Wright also tells of the MI6 plot to assassinate President Nasser during the Suez Crisis; of joint MI5-CIA plotting against Labour Prime Minister Harold Wilson (who had been secretly accused by Soviet defector Anatoliy Golitsyn of being a KGB agent); and of MI5's eavesdropping on high-level Commonwealth conferences.

Wright examines the techniques of intelligence services, exposes their ethics, notably their "eleventh commandment", "Thou shalt not get caught." He described many MI5 electronic technologies (some of which he developed), for instance, allowing clever spying into rooms, and identifying the frequency to which a superhet receiver is tuned. In the afterword, he said that he wrote the book chiefly to work to regain compensation for losses of significant pension income when the British government ruled his pension for earlier work in GCHQ was not transferable.

==Publication and trial==
Wright wrote Spycatcher in Tasmania, after his retirement from MI5. He first attempted publication of his memoirs was in 1985. The British government immediately obtained a court order banning publication in the UK, but the order applied only in the United Kingdom (and even then did not apply in Scotland with its separate legal system), and the book continued to be available elsewhere. In September 1987, the UK government applied for similar orders to prevent publication in Australia, but the publisher's lawyer Malcolm Turnbull, who later served as Prime Minister of Australia, successfully resisted the application, as he did on appeal in June 1988.

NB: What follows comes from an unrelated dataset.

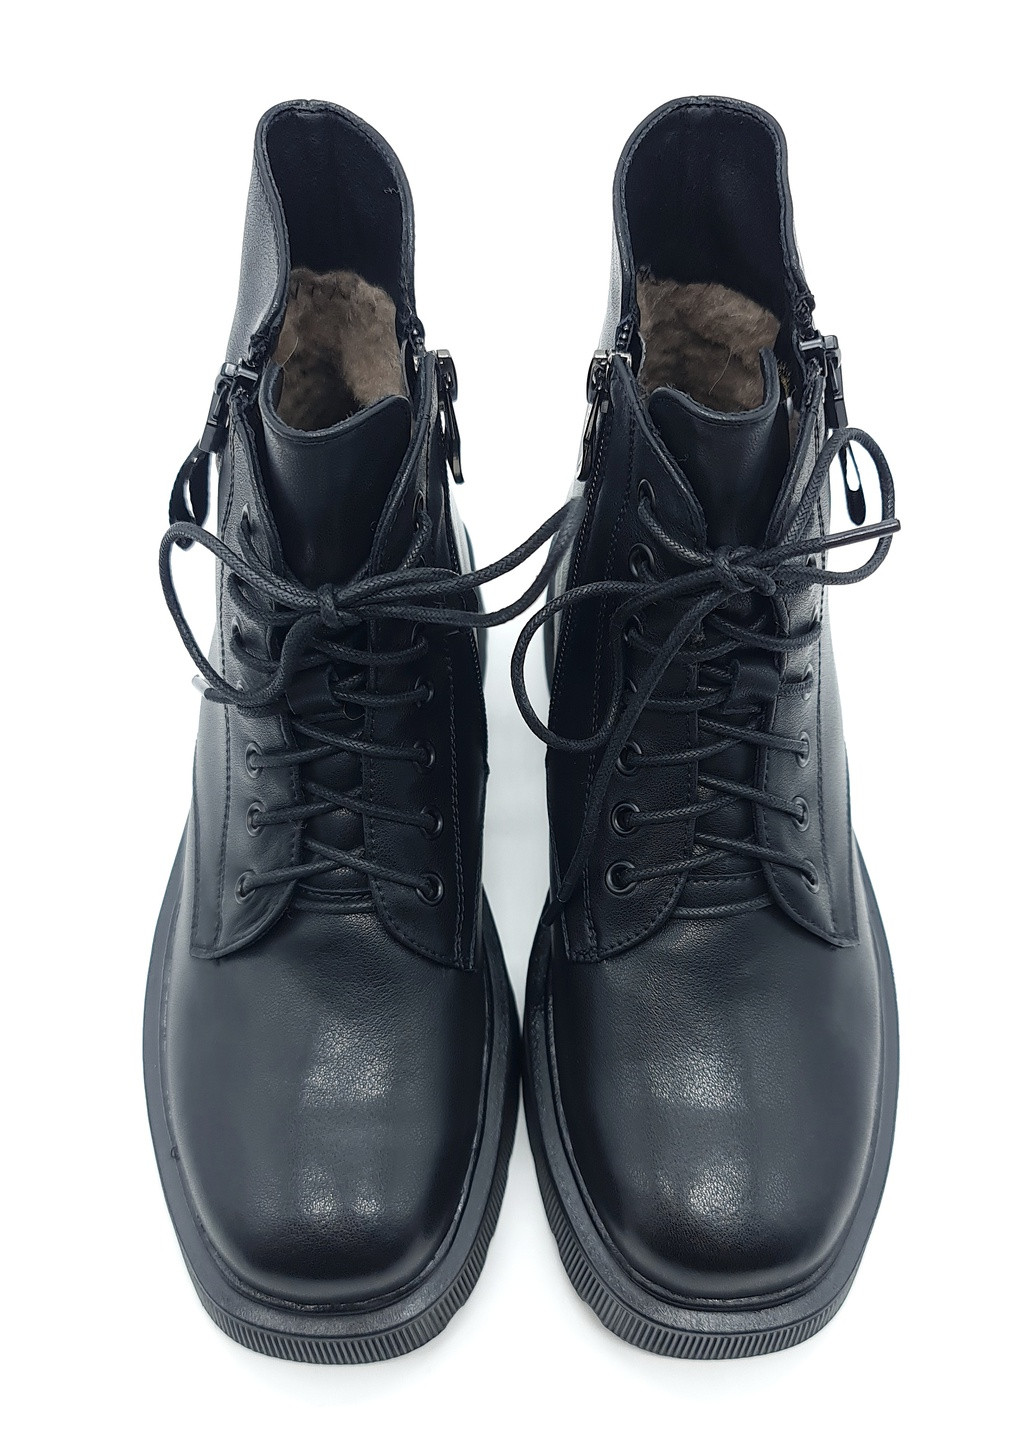 Осенние женские ботинки зимние черные кожаные lm-19-2 235 мм(р) Lino Marano

English newspapers attempting proper reporting about Spycatchers principal allegations were served gag orders; on persisting, they were tried for contempt of court. These charges were eventually dropped. Throughout all this, the book continued to be sold in Scotland; moreover, Scottish newspapers were not subject to any English gag order, and continued to report on the affair. Quantities of the book easily reached English purchasers from Scotland, while other copies were smuggled into England from Australia and elsewhere. A notable television report at the time featured a reporter flying to Australia, and returning to England with ten copies of the book, which he declared to Heathrow airport's customs officers. After some discussion, he was allowed to take the books into England, as the customs service had not been told to confiscate them.

In mid-1987, Mr Justice Scott lifted the ban on English newspaper reportage on the book. In late July, the Law Lords again barred reporting Wright's allegations. The Daily Mirror published upside-down photographs of the three Law Lords, with the caption 'You Fools'. British editions of The Economist ran a blank page with a boxed explanation that

In all but one country, our readers have on this page a review of 'Spycatcher,' a book by an ex-M.I.5-man, Peter Wright. The exception is Britain, where the book, and comment on it, have been banned. For our 420,000 readers there, this page is blank – and the law is an ass.

Eventually, in 1988, the book was cleared for legitimate sale when the Law Lords acknowledged that overseas publication meant it contained no secrets. However, Wright was barred from receiving royalties from the sale of the book in the United Kingdom. In November 1991, the European Court of Human Rights ruled that the British government had breached the European Convention on Human Rights in gagging its newspapers.
The accuracy of various allegations made in the book by Wright was questioned in a 1993 review of Spycatcher published by the Center for the Study of Intelligence, an in-house think tank for the CIA. While admitting (on page 42) that the book included "factual data", the document stated that it was also "filled with [unspecified] errors, exaggerations, bogus ideas, and self-inflation".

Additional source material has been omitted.